SUPPLIED INFORMATION |
=======

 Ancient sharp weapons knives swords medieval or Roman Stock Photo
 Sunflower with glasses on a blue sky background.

=======

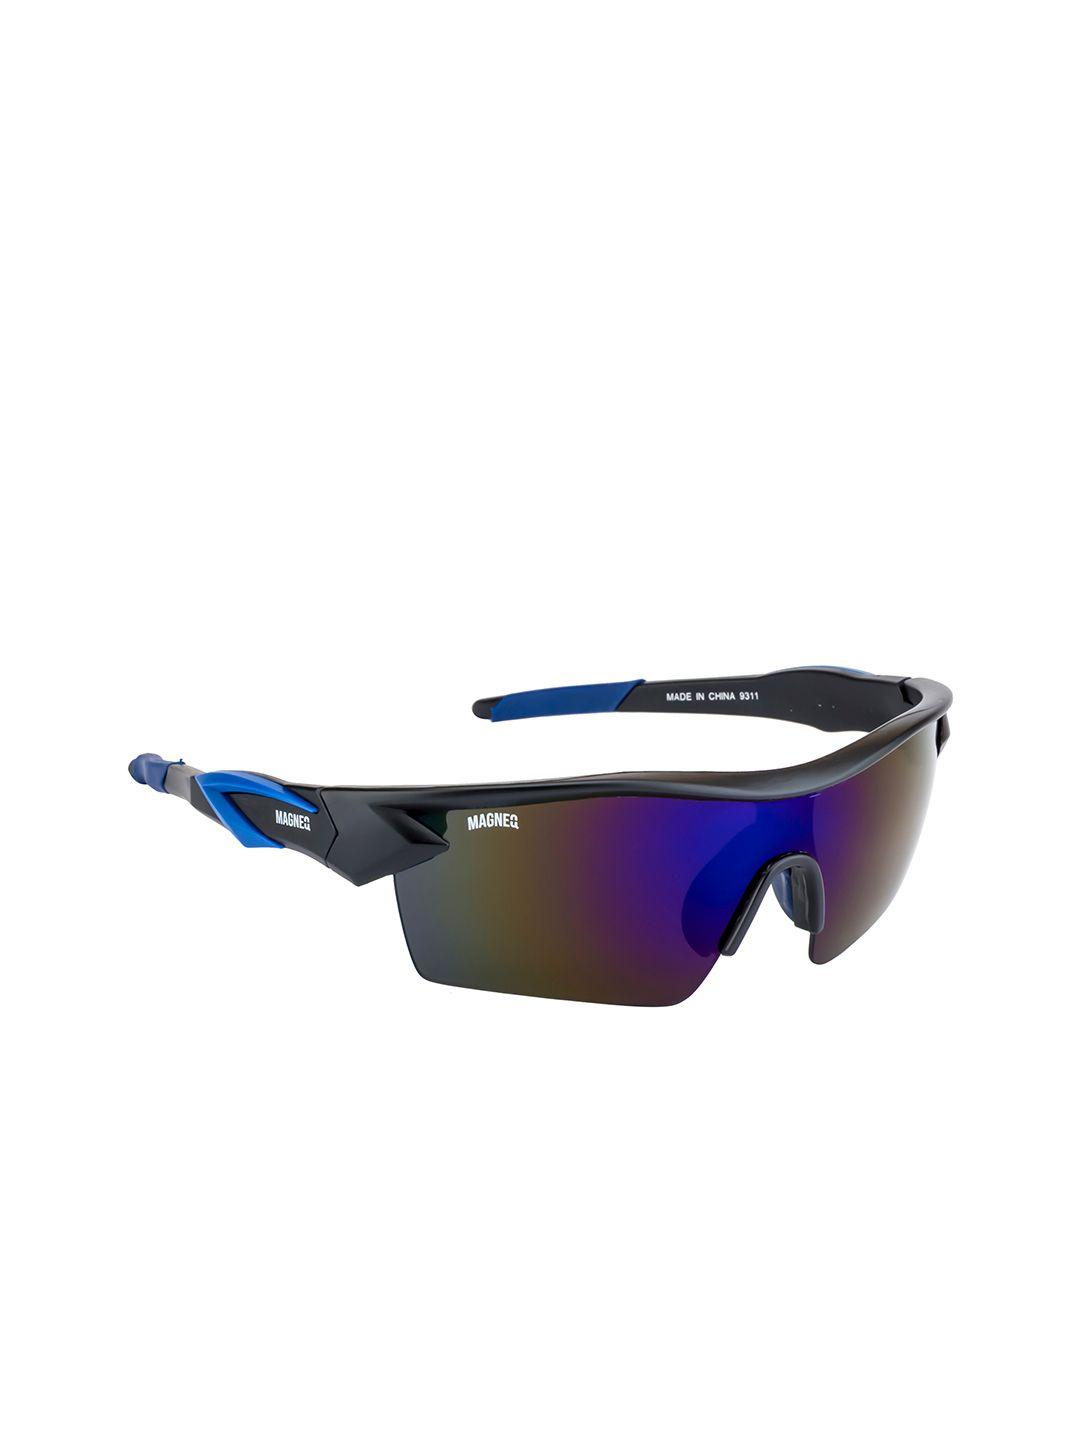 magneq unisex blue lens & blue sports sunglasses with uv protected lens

=======

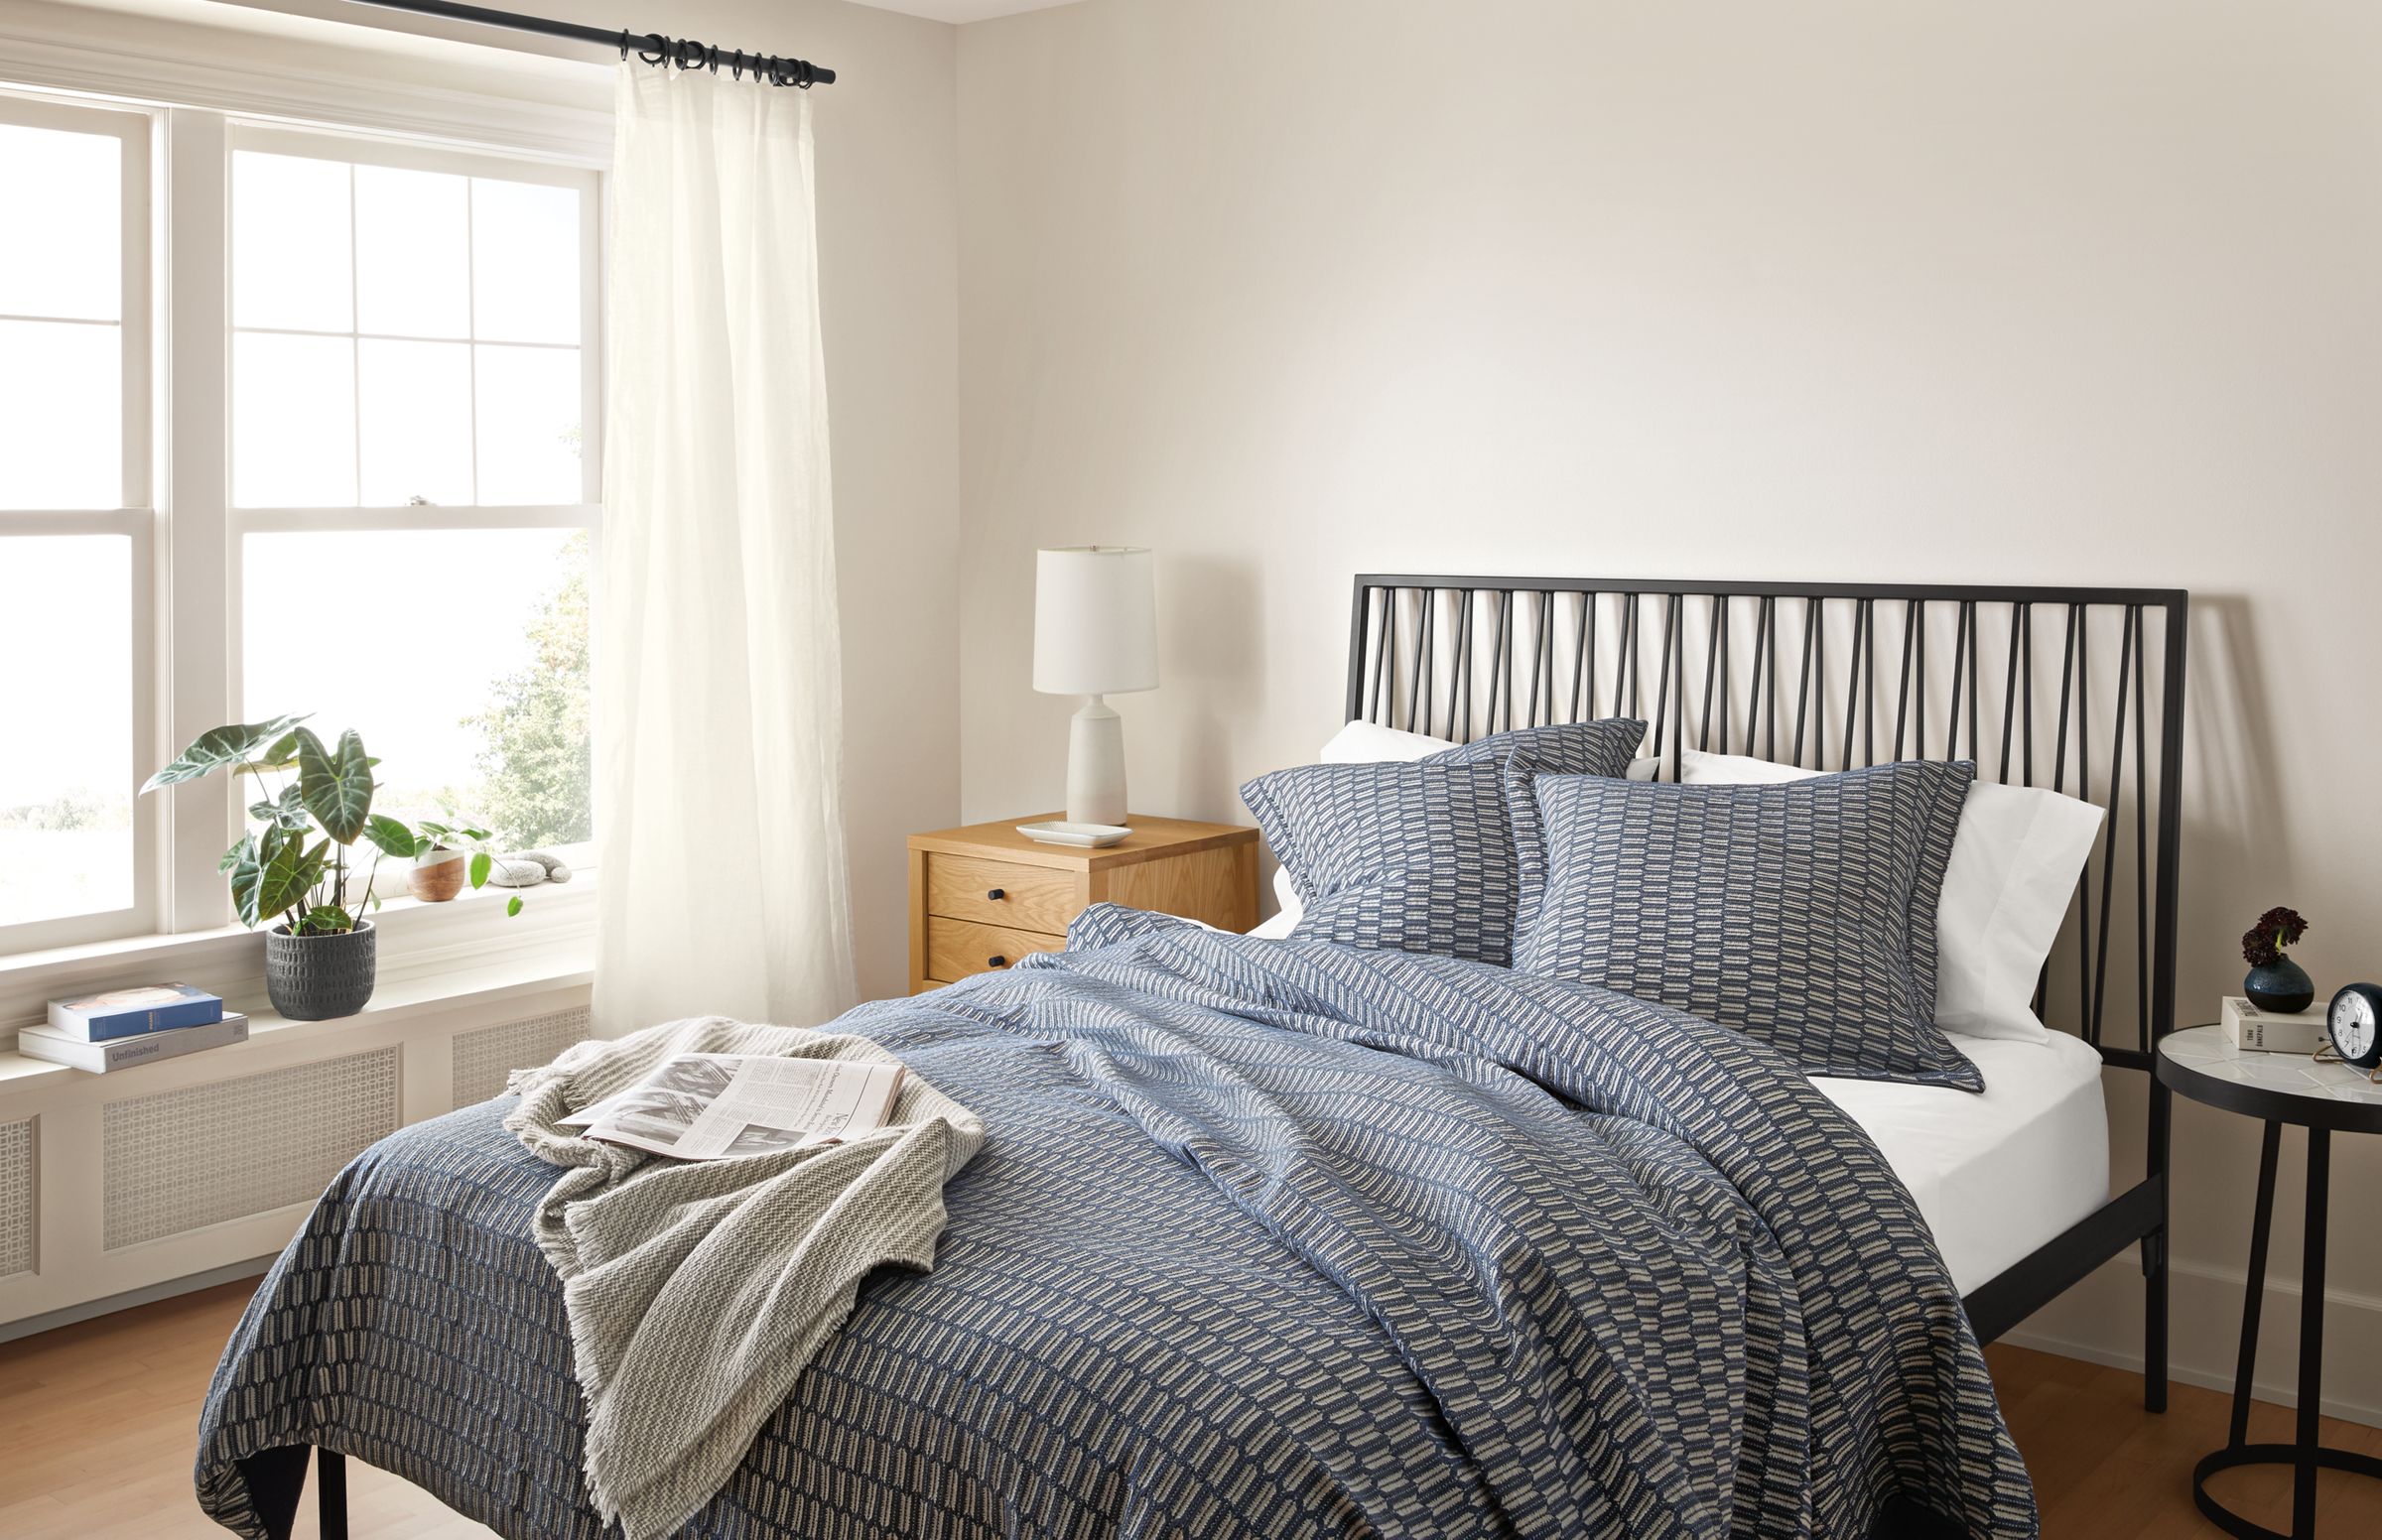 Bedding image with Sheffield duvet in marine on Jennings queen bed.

=======

Of all the entries above, output exactly the lines between the one holding "Ancient sharp weapons" and the one holding "Sunflower with glasses", inclusive.

 Ancient sharp weapons knives swords medieval or Roman Stock Photo
 Sunflower with glasses on a blue sky background.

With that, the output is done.